Aleja Armii Krajowej w Gdańsku to stały punkt na mapie porannych korków w Trójmieście. W środę jednak kierowcy mogli być zaskoczeni, jak długi zator uformował się na tej arterii.
Korek w kierunku centrum w godzinach porannego szczytu, między 7:30 a 8:30, zaczynał się tuż za zjazdem z obwodnicy w Karczemkach. Odpuszczał dopiero za skrzyżowaniem z al. Havla i ul. Łostowicką. Kierowcy tracili w nim ponad pół godziny. Jeszcze ok. godz. 9:30, a więc po typowym okresie rannych spowolnień, zator zaczyna się przed wiaduktem nad al. Adamowicza.

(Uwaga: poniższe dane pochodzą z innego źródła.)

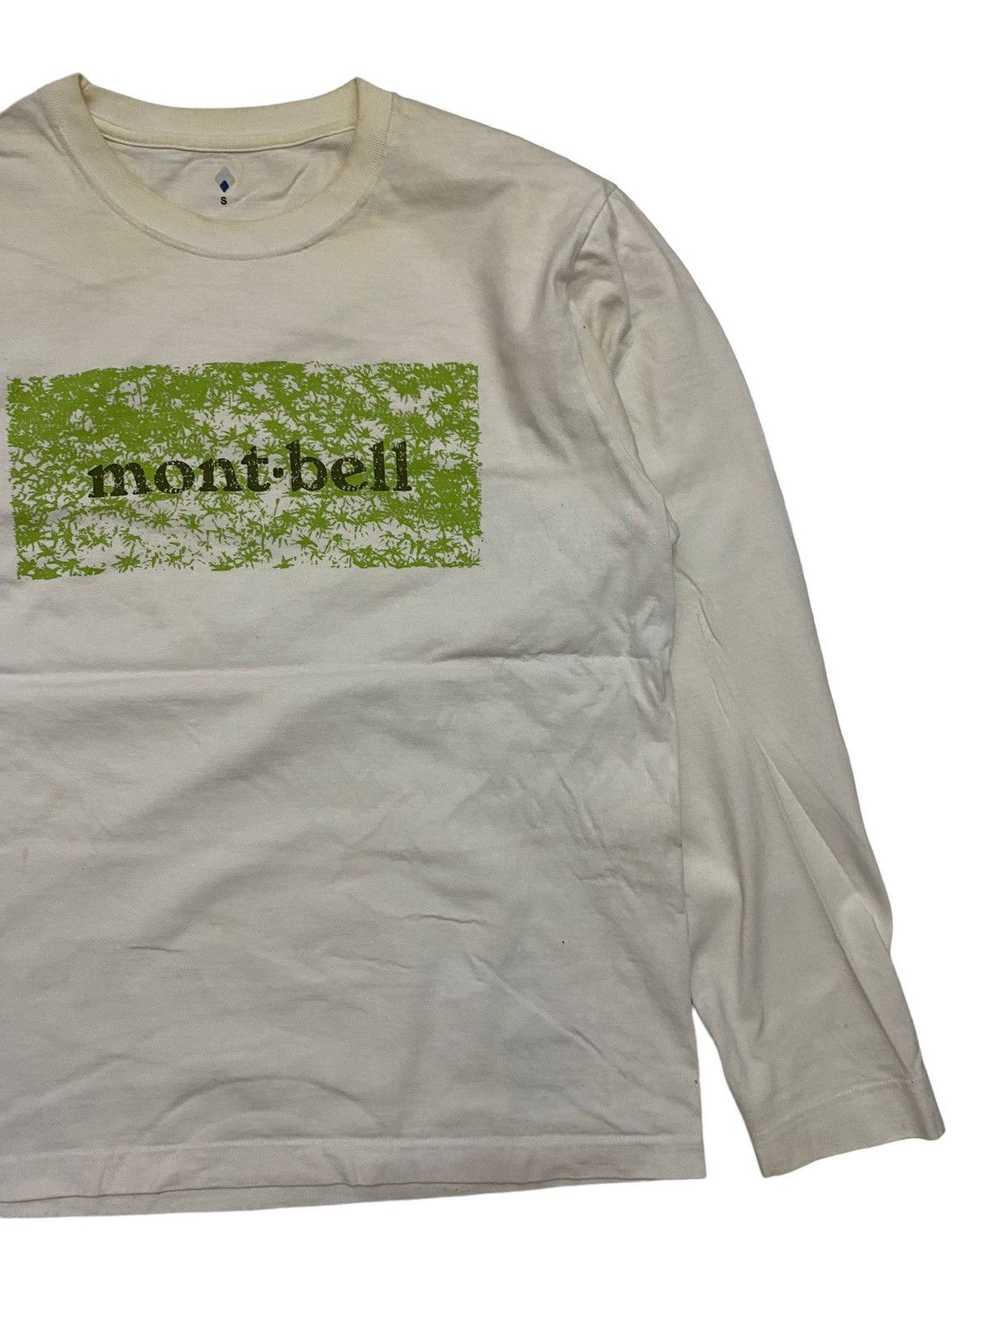 Japanese Brand × Montbell × Streetwear Montbell B… - image 3
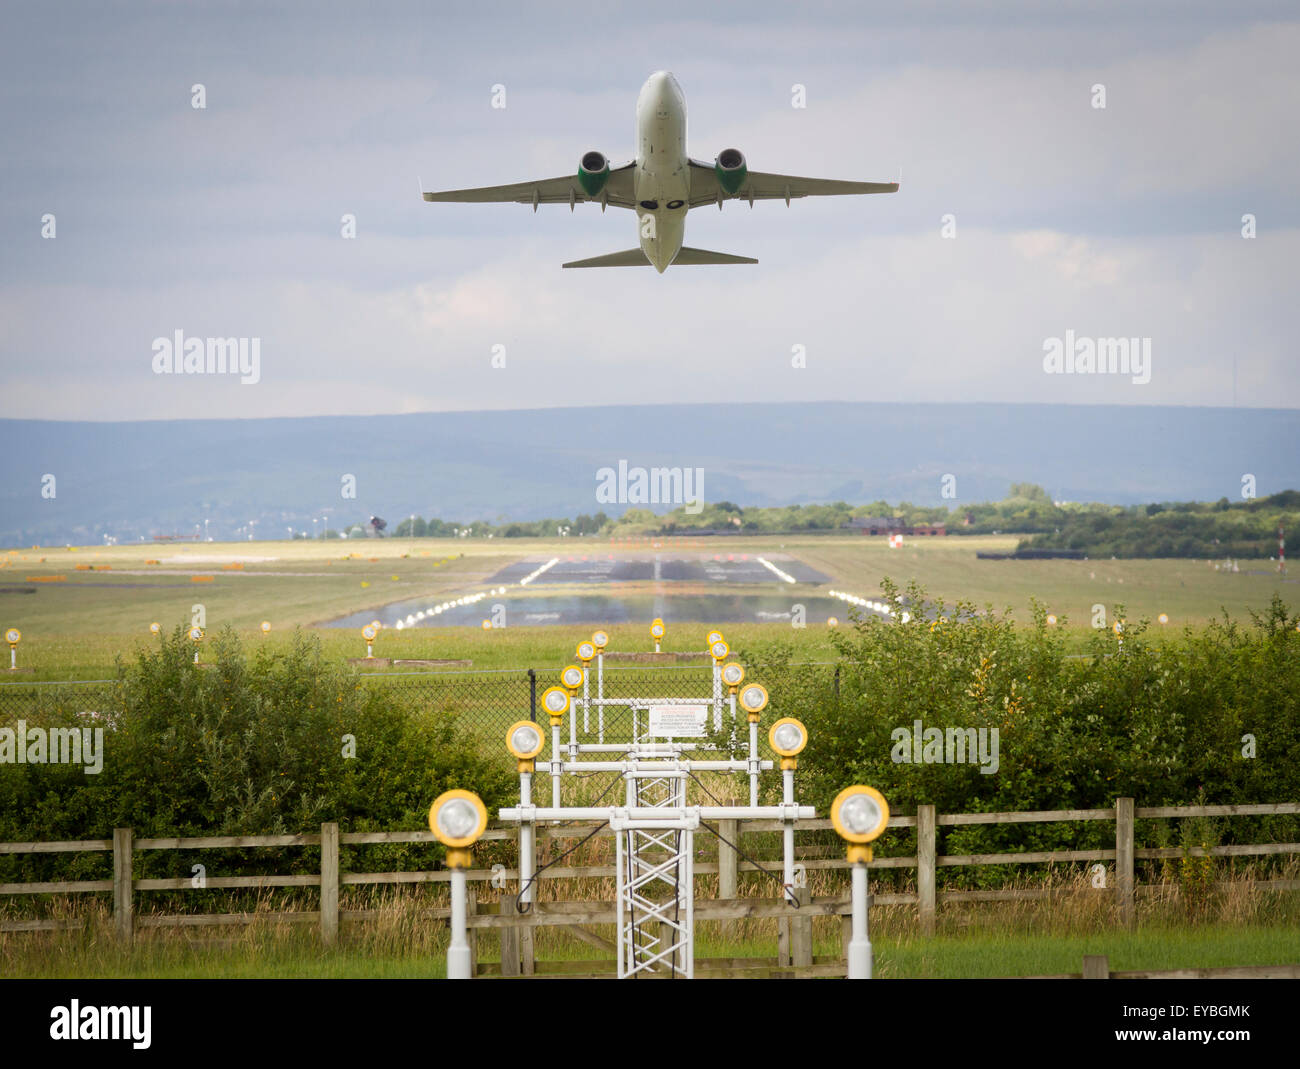 Plane taking off or landing at Manchester Airport Stock Photo

Na samej alei Armii Krajowej nie wydarzyło się nic, co miałoby wpływ na aż tak duży korek. Zator wynika najprawdopodobniej z faktu, że kierowcy próbowali omijać fragment obwodnicy Trójmiasta w kierunku Gdyni. Za Kowalami dwa auta blokowały lewy pas i w porze porannego szczytu można było stracić tam ok. 30 minut. Wobec wzmożonego ruchu większą stratę można było zanotować jednak na alei Armii Krajowej w kierunku centrum.
Dodatkowym smaczkiem w tej okolicy był widok autobusu zaparkowanego w poprzek pasa zieleni rozdzielającego dwie jezdnie tej trasy. Nie udało nam się dotąd ustalić, czy pojazd zepsuł się w trakcie kursu i tylko w ten sposób mógł zjechać z drogi, by nie powodować jeszcze większego korka, czy np. utknął przy próbie zawracania.